CES loves shiny nonsense. This year’s “wait, what?” gadget might also be a real safety story. Autoliv (the folks who brought us the lap/sash seat belt) and Tensor say they built a foldable steering wheel for Tensor’s Robocar. It can retract when the vehicle runs in Level 4 autonomous mode. In plain English, the wheel can disappear when the car drives itself.
That sounds like sci-fi. It also points at a real problem. If the car does the driving, a fixed wheel can become wasted space. In a crash, it can also be something you hit. The industry has to rethink cabins and airbags for a future where the “driver” sometimes becomes a passenger.
Autoliv
Why a Foldable Steering Wheel Isn’t Just a Party Trick
Autoliv says the wheel retracts in Level 4 mode and returns for manual driving. It also says the airbag plan changes with the mode. In autonomous mode, a passenger airbag in the dash takes over. In manual mode, the airbag in the steering wheel takes over. Autoliv claims both setups aim for the same level of protection.
The key is what Level 4 means. NHTSA describes it as high automation in limited areas, where the system handles the driving task and a human driver isn’t needed when the system is engaged. That’s not your daily commute. It’s a mapped, defined-conditions world.
Here’s what makes this more than a gimmick: it forces hard safety questions. The wheel has to lock solid in manual mode. It has to stow safely in autonomous mode. And the restraint system has to know which mode you’re in, every time, with no guesswork.
Autoliv says the Tensor Robocar is expected to be ready for volume production in the second half of 2026. It also says the wheel will be shown at CES in Las Vegas, January 6–9, 2026.

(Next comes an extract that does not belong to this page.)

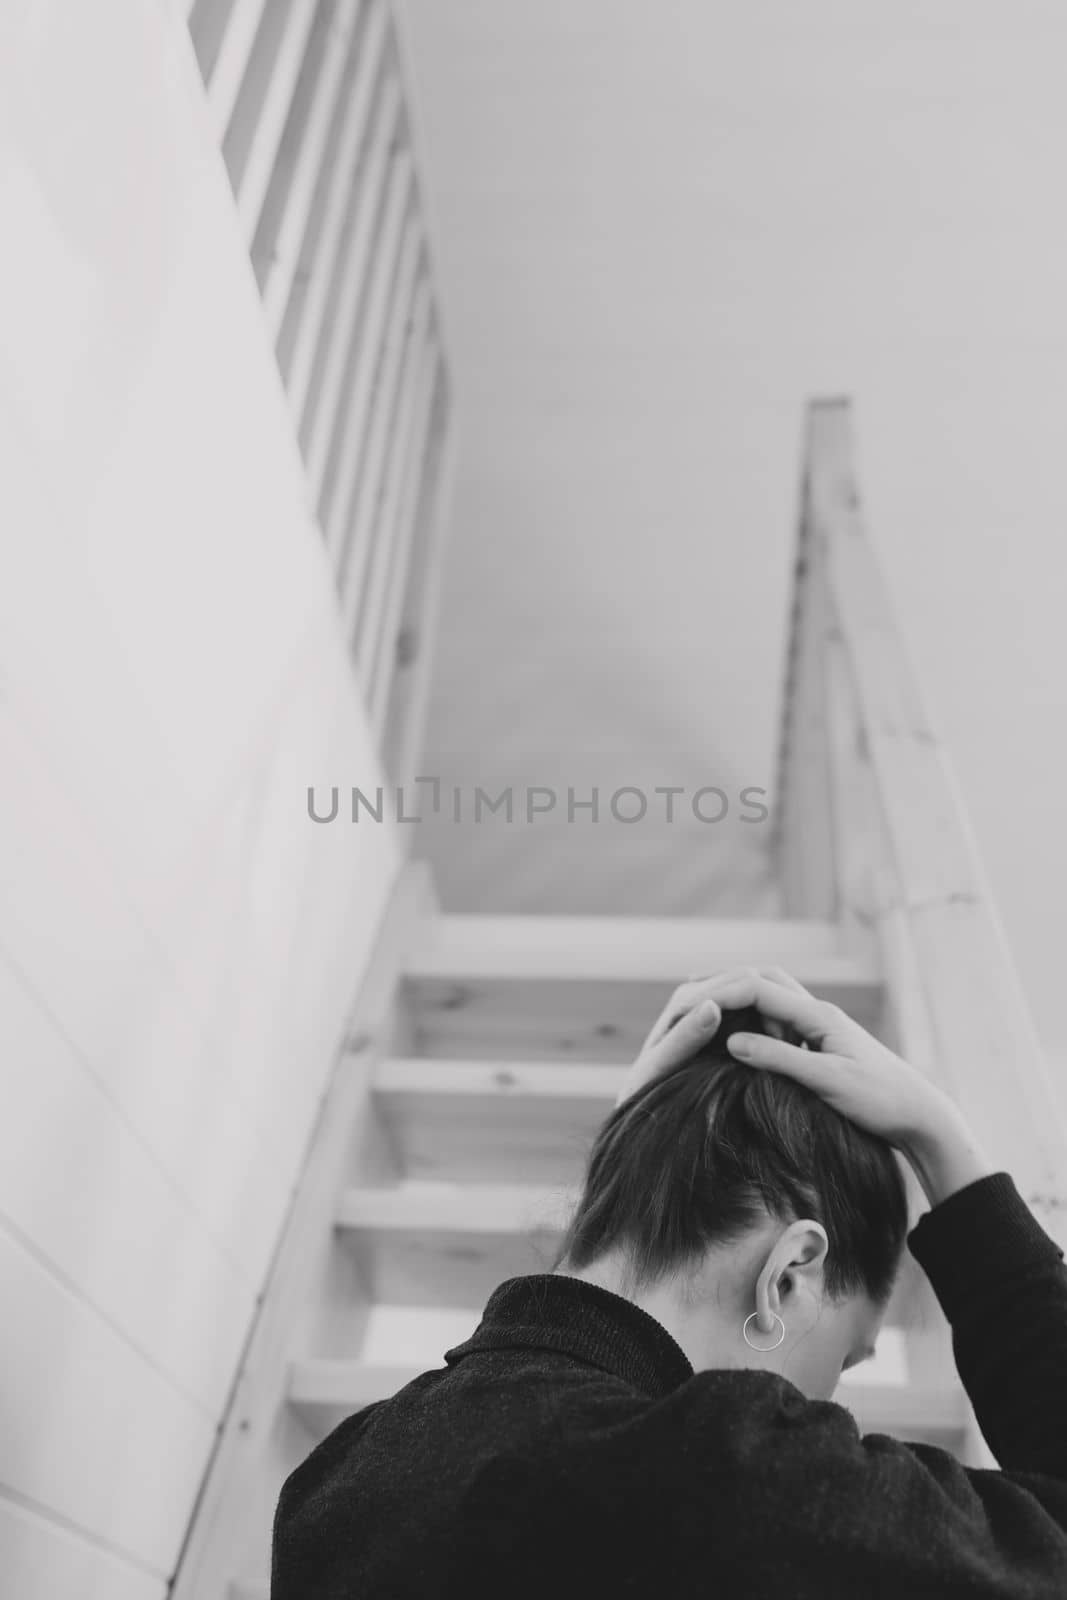 Young woman simple hairstyle back view by wooden stairs at home. Depression, loneliness, quarantine concept. Mental health, Self care, staying home
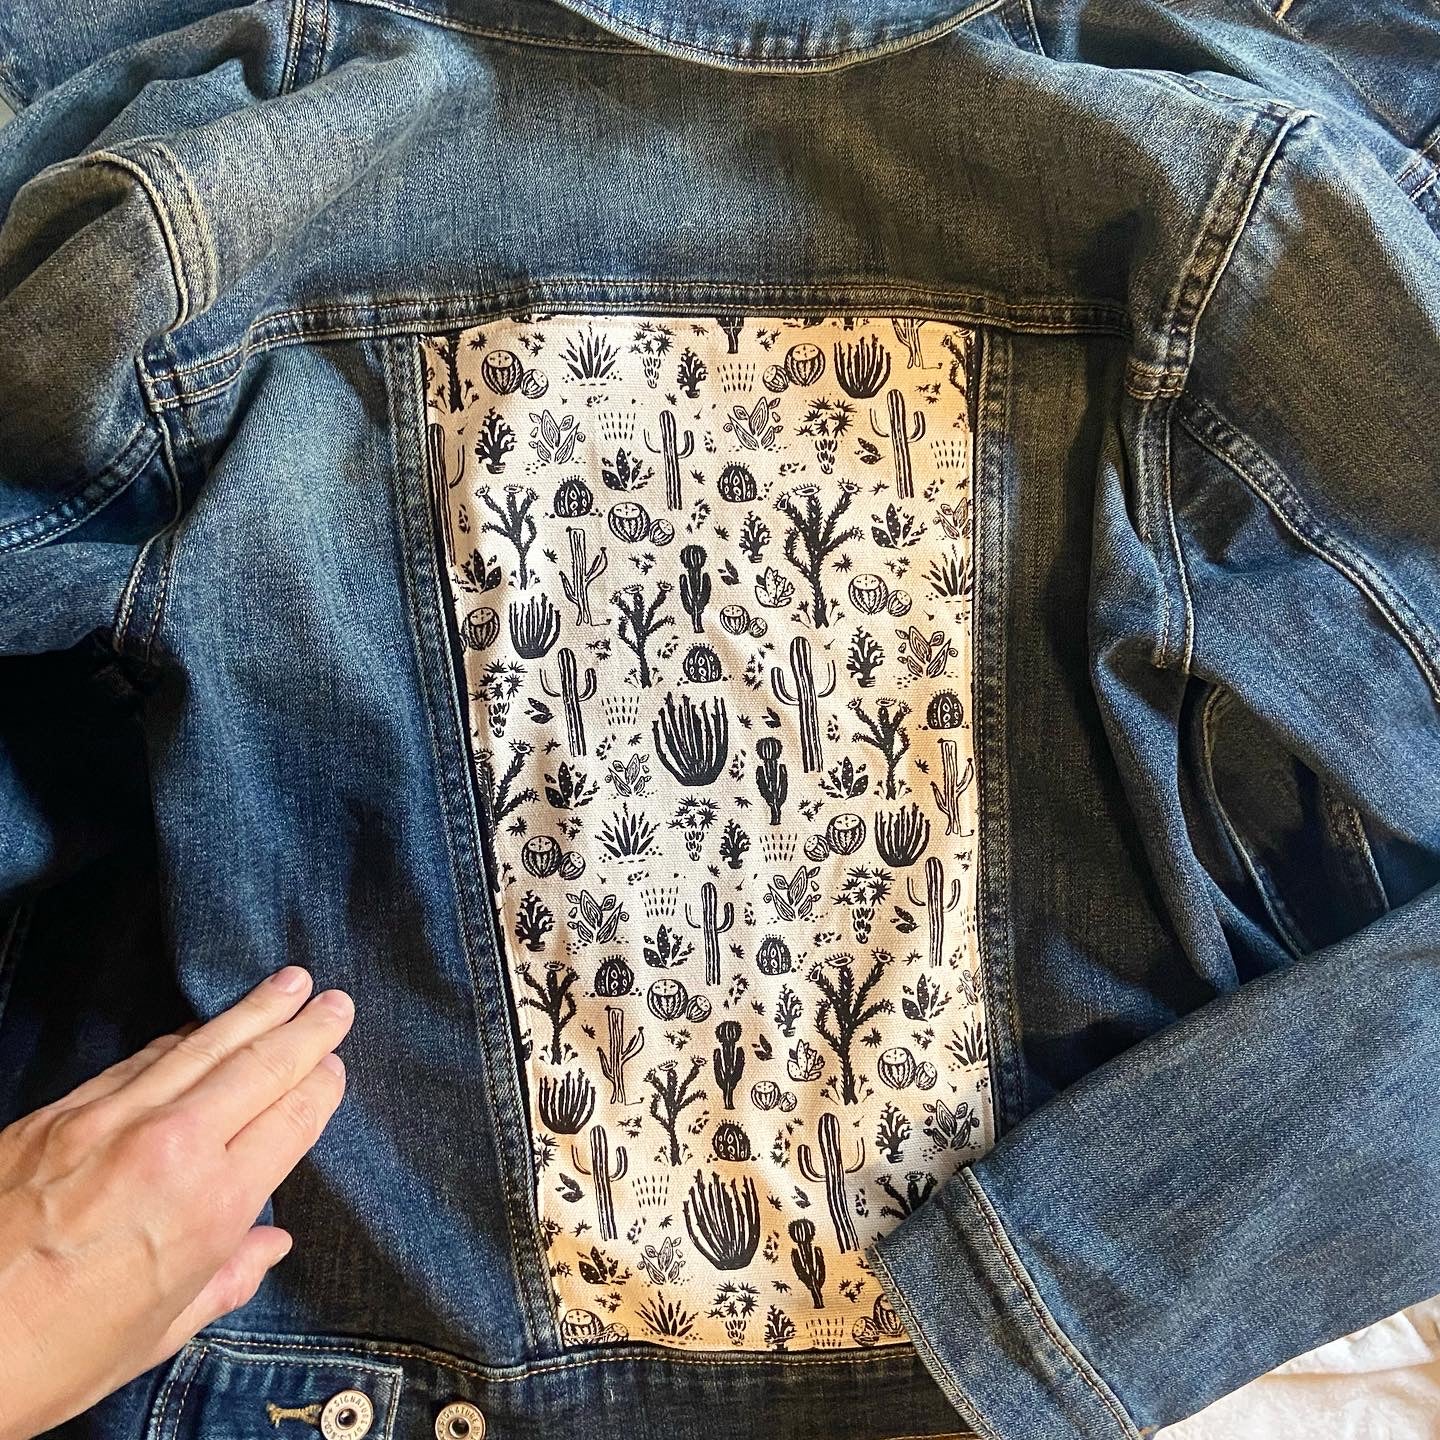 One of a Kind Upcycled Jean with Hand Printed Cactus Cotton Fabric

Still, don’t confuse it with consumer self-driving. NHTSA is blunt that higher levels of automation aren’t available for consumer purchase today, per its levels of automation. So keep the right mindset: in anything you can buy right now, you are still the driver.
The takeaway is simple. If cars can switch roles, safety gear has to switch roles, too. A steering wheel that folds away is the visible sign of that shift.
My Verdict
This is the rare CES gadget that isn’t just a gimmick. It’s a preview of how interiors and airbags may adapt once “driver” becomes optional in certain zones. For now, treat it as a glimpse, not a buying signal.